J Inorg Biochem. 1988 Jun;33(2):91-7. doi: 10.1016/0162-0134(88)80037-0.
Anions that do not coordinate to the catalytically active copper ion of Cu,Zn superoxide dismutase, but still affect the activity of the enzyme by weaker interactions with the protein moiety surrounding the active site (low affinity anions), uniformly perturbed the 1H NMR line of the NH group of the copper ligand His 46. This effect was detected on the enzyme having Co(II) substituted for the native Zn(II), in which the resonances of residues bound to the copper are detected because of the antiferromagnetic coupling between Cu(II) and Co(II). The interaction with the enzyme of phosphate, a good representative of low-affinity anions, was also studied by 31P NMR of the native enzyme and of enzyme samples covalently modified at all lysines or at the Arg 141, which is 5 A away from the copper. The results obtained indicate that Arg 141 is a likely candidate for binding of low-affinity anions in the vicinity of the copper and that the 1H NMR line of His 46 NH is diagnostic for such an interaction.

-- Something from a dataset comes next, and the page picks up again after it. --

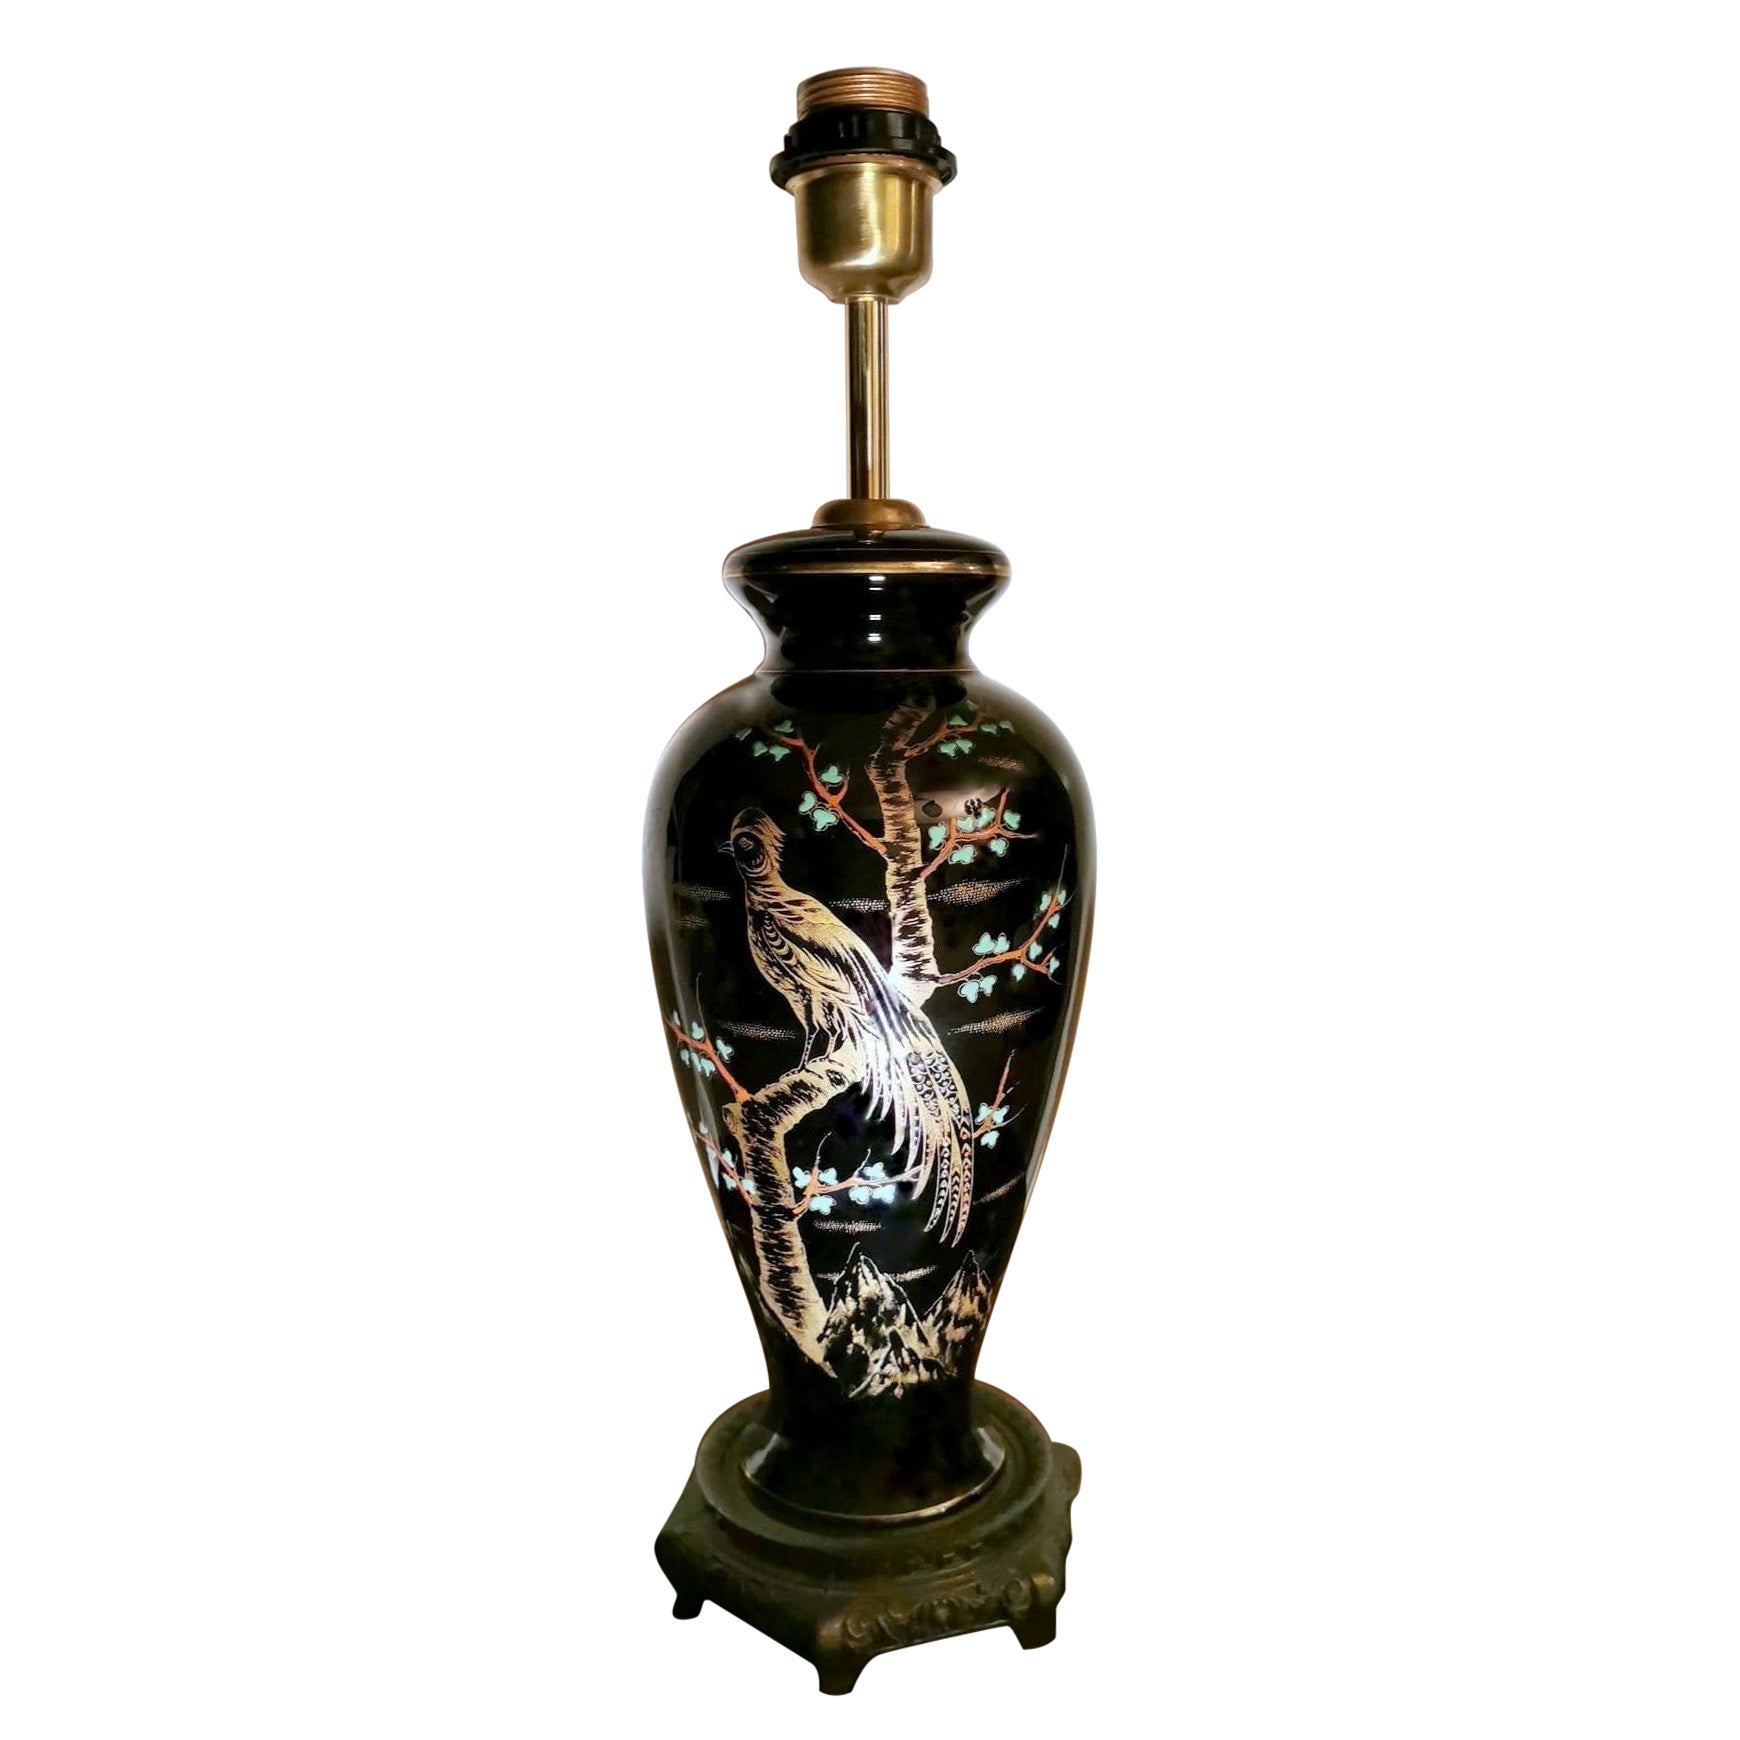 Rare lampe française en porcelaine polie noire peinte à la main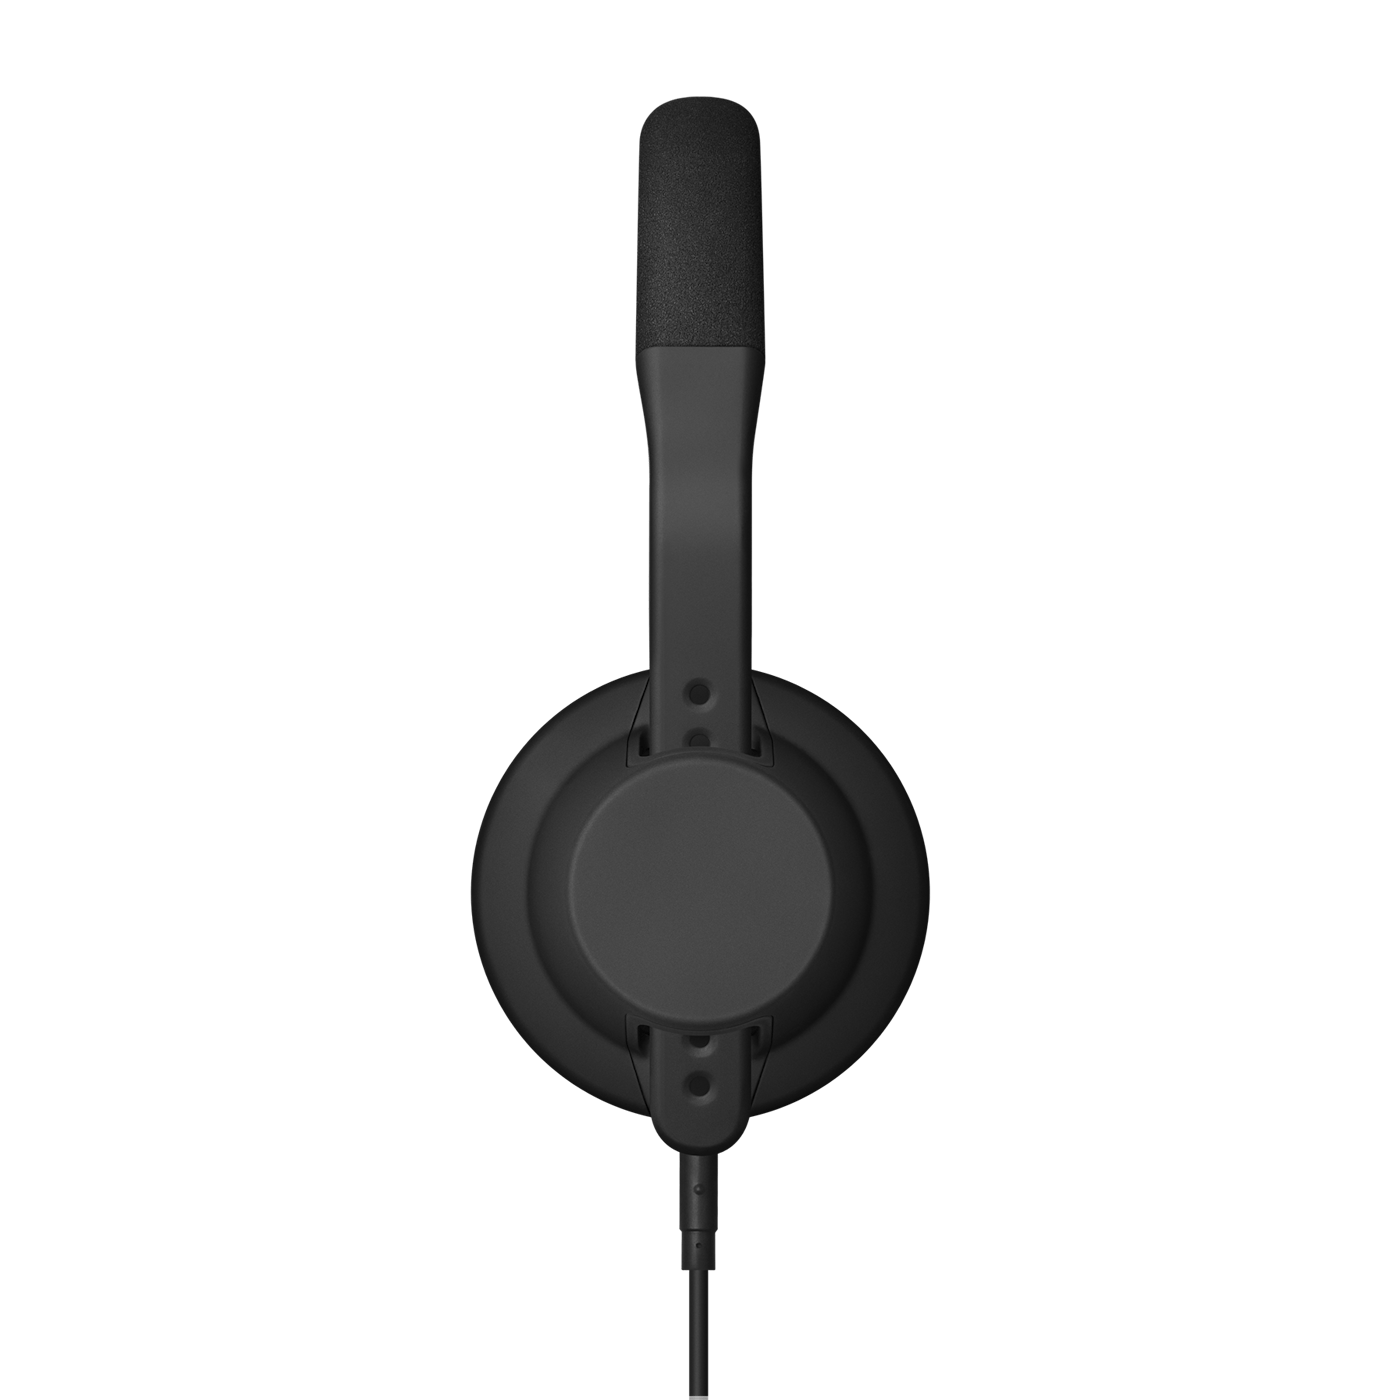 TMA-2 DJ XE Headphones | AIAIAI

那些不与铜锌超氧化物歧化酶的催化活性铜离子配位,但仍通过与活性位点周围蛋白质部分的较弱相互作用影响酶活性的阴离子(低亲和力阴离子),均一地扰动了铜配体组氨酸46的NH基团的1H NMR谱线。在将钴(II)取代天然锌(II)的酶上检测到了这种效应,由于铜(II)和钴(II)之间的反铁磁耦合,可以检测到与铜结合的残基的共振。还通过天然酶以及在所有赖氨酸或距铜5埃的精氨酸141处共价修饰的酶样品的31P NMR研究了低亲和力阴离子的良好代表磷酸盐与酶的相互作用。获得的结果表明,精氨酸141可能是在铜附近结合低亲和力阴离子的候选者,并且组氨酸46 NH的1H NMR谱线可诊断这种相互作用。